Stored data
**********
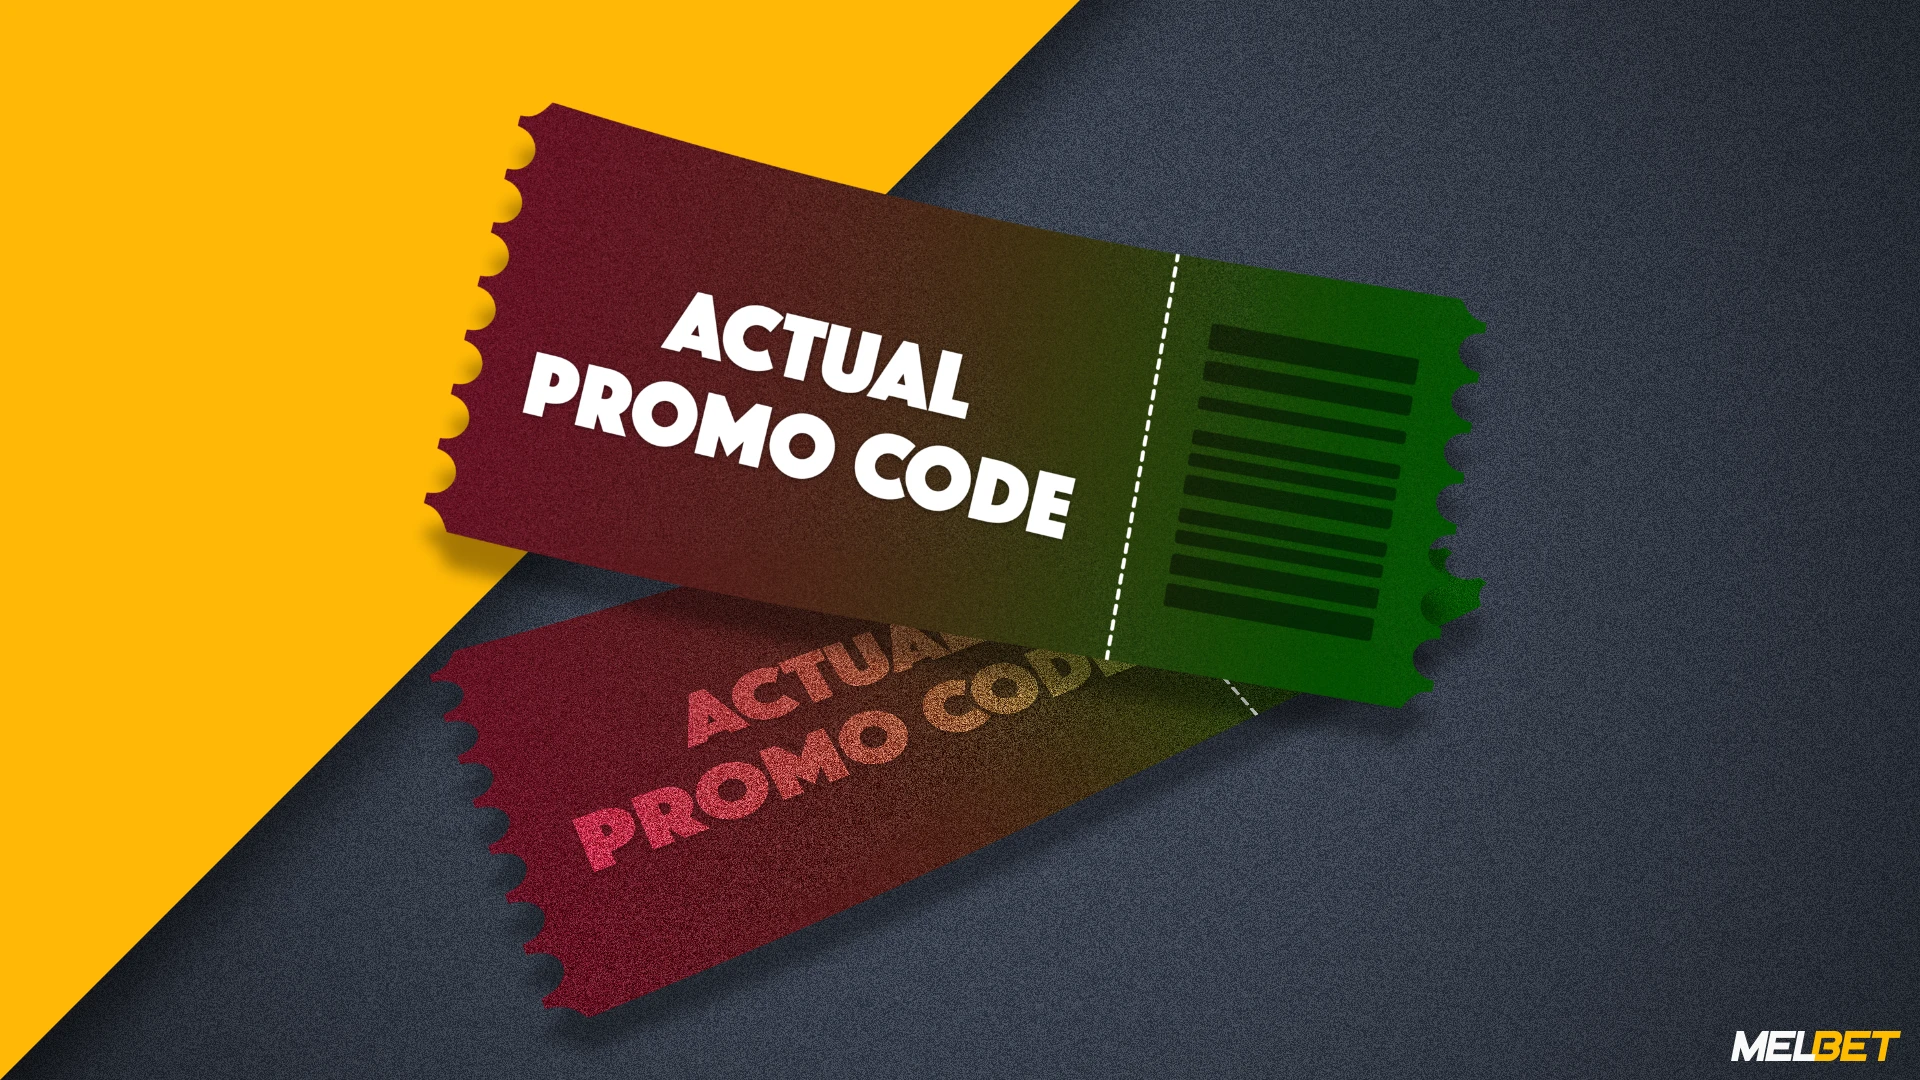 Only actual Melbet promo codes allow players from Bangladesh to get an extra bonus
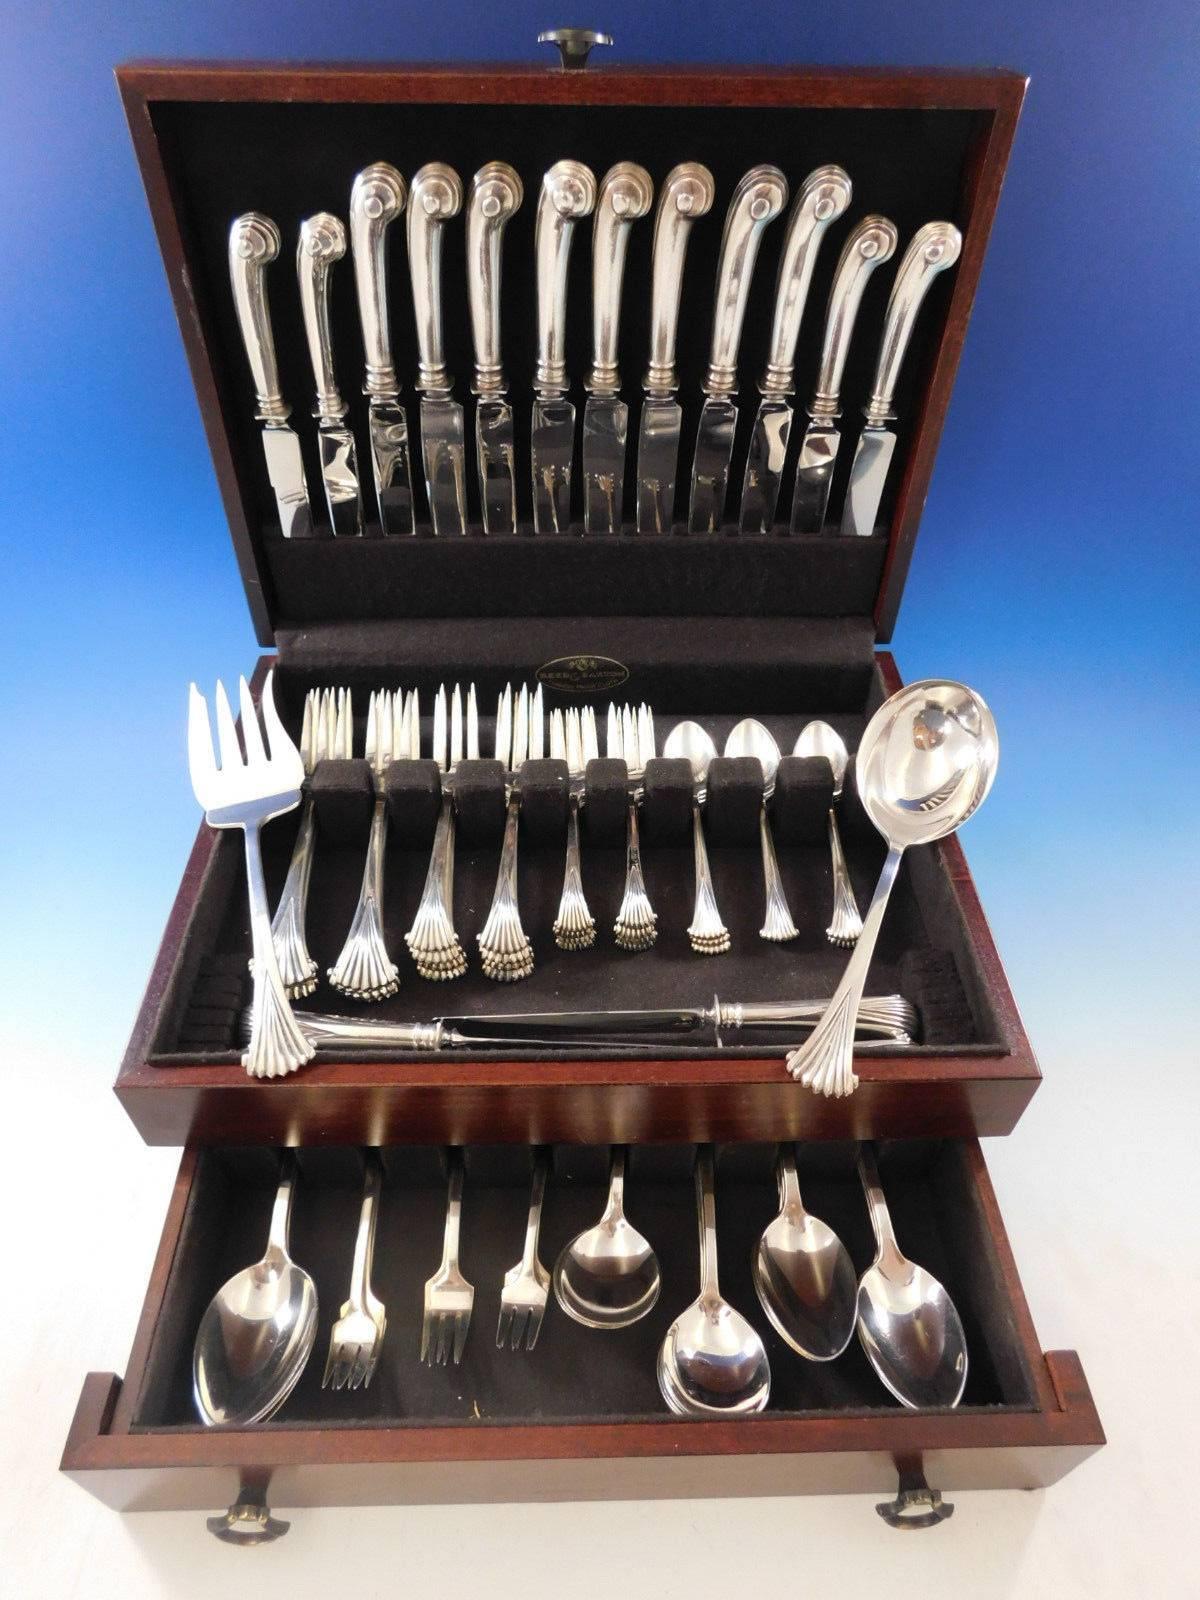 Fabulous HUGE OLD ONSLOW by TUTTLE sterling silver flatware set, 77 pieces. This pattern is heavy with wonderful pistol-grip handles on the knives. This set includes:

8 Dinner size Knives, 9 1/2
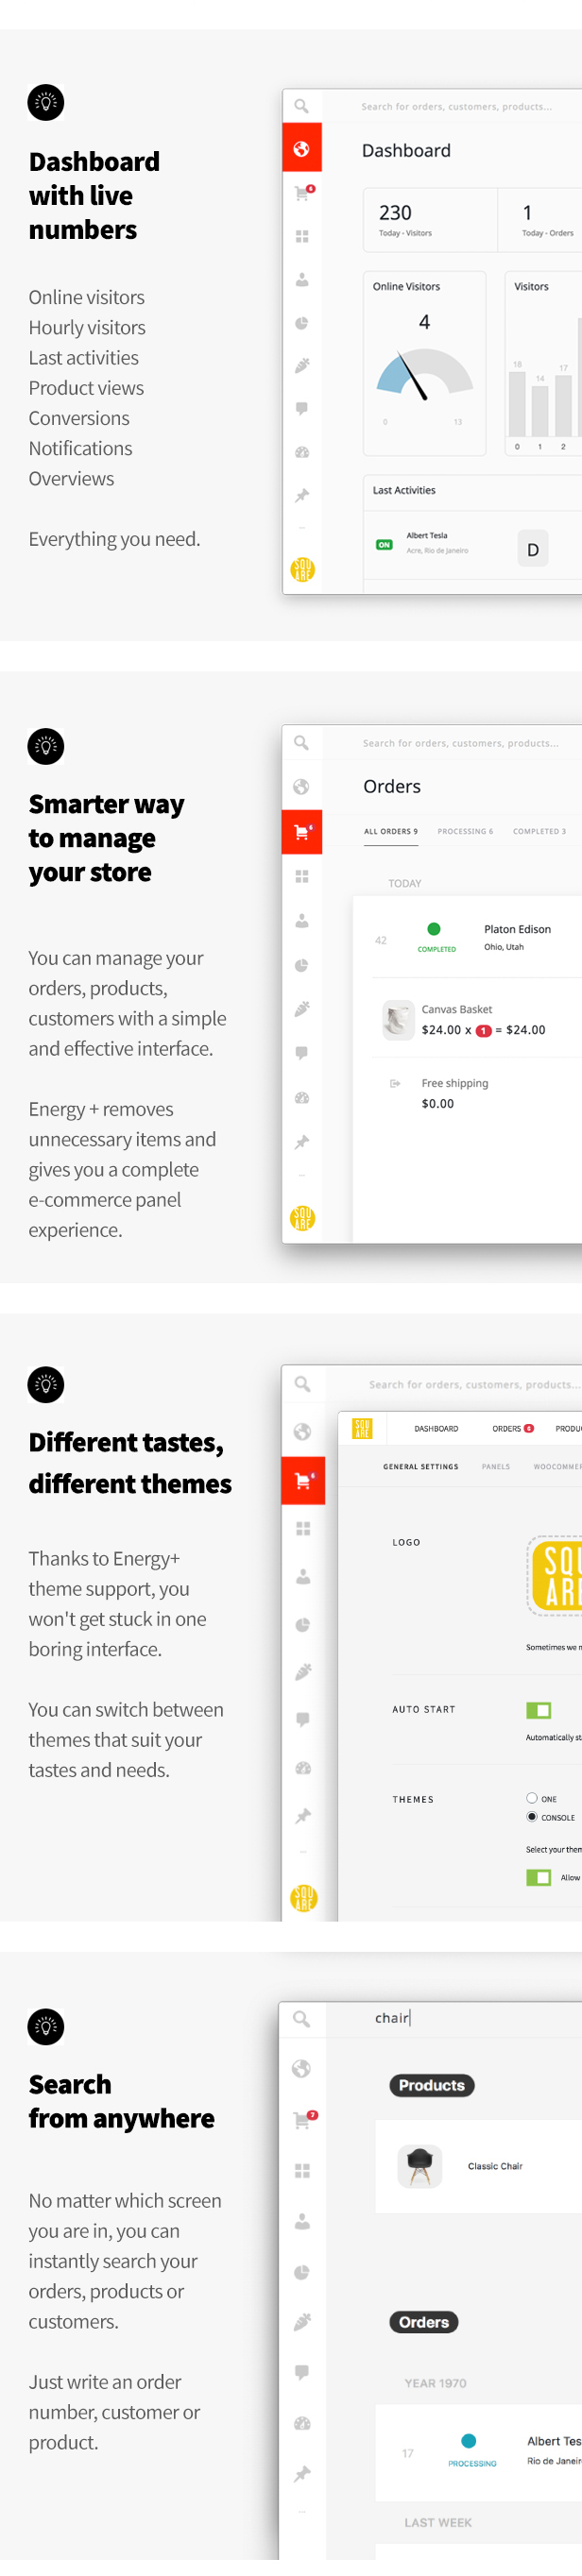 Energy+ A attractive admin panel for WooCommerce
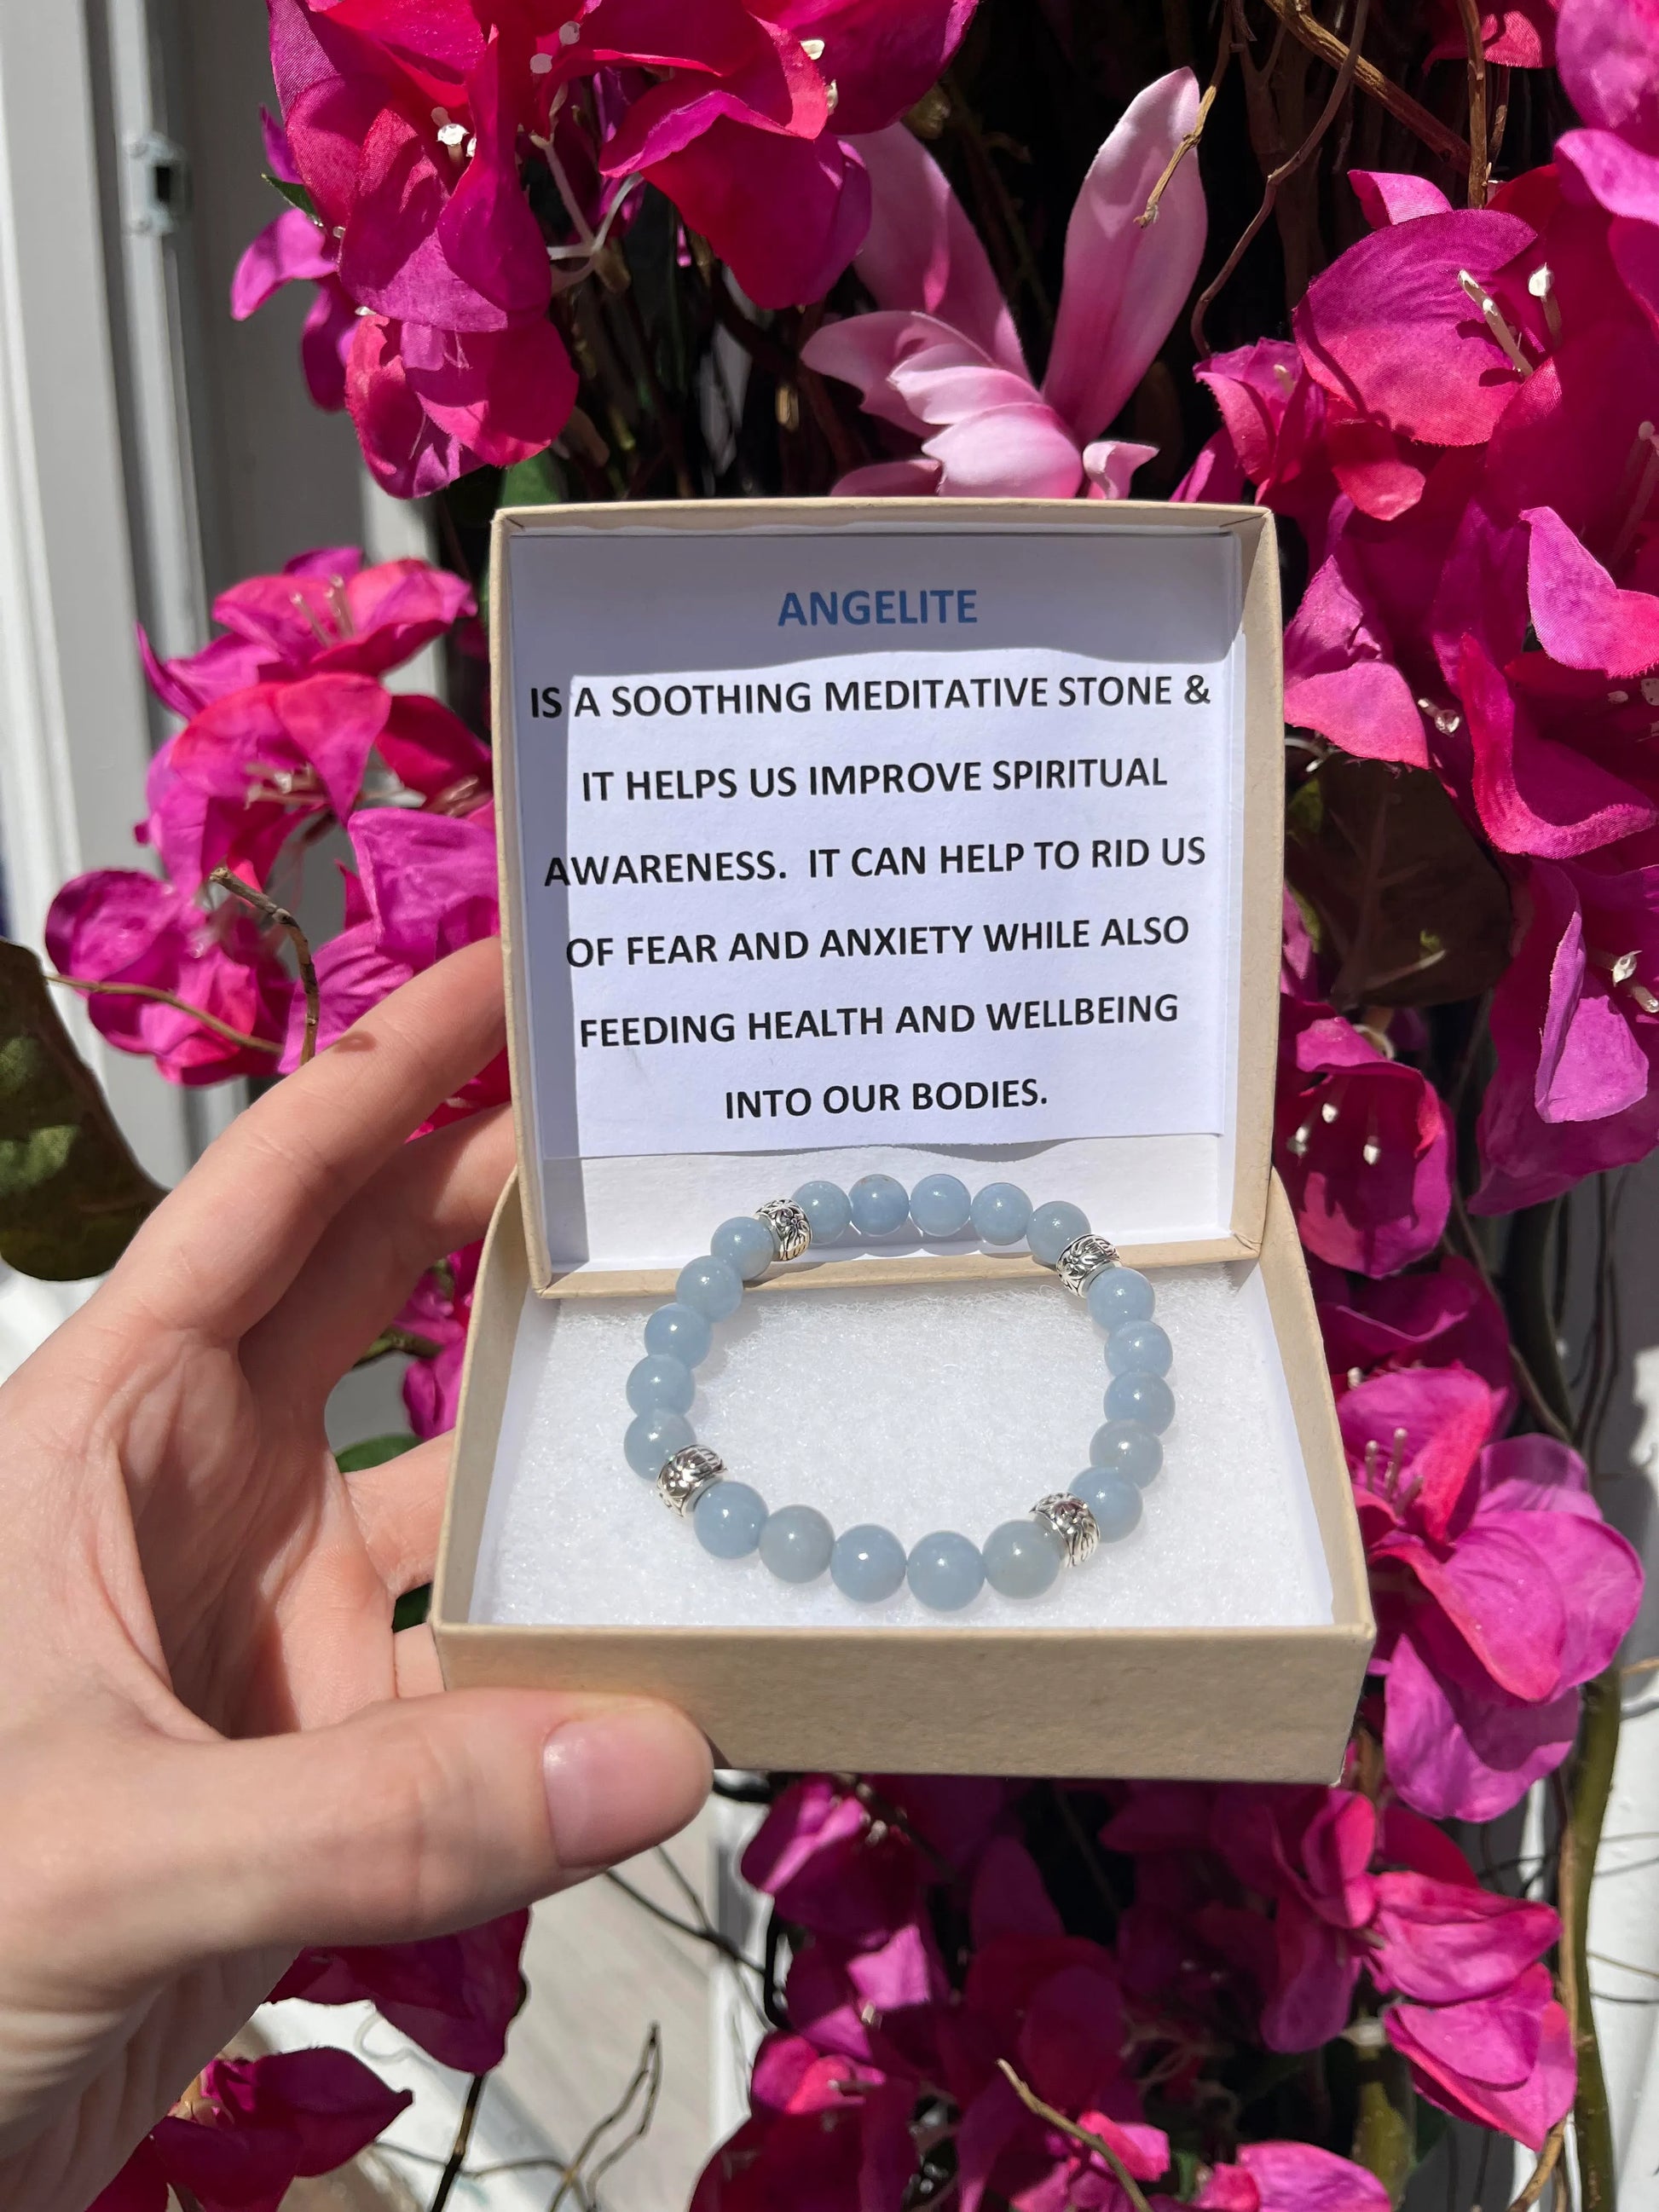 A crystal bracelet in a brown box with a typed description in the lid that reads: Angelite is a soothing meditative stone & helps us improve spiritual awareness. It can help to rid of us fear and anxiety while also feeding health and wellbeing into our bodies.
**********
• How to complete this task: Here the job is to repeat the entries verbatim while leaving all pictures out.

• Your solution:
 Only actual Melbet promo codes allow players from Bangladesh to get an extra bonus
 Fabulous HUGE OLD ONSLOW by TUTTLE sterling silver flatware set, 77 pieces. This pattern is heavy with wonderful pistol-grip handles on the knives. This set includes:

8 Dinner size Knives, 9 1/2
 Energy+ A attractive admin panel for WooCommerce
 A crystal bracelet in a brown box with a typed description in the lid that reads: Angelite is a soothing meditative stone & helps us improve spiritual awareness. It can help to rid of us fear and anxiety while also feeding health and wellbeing into our bodies.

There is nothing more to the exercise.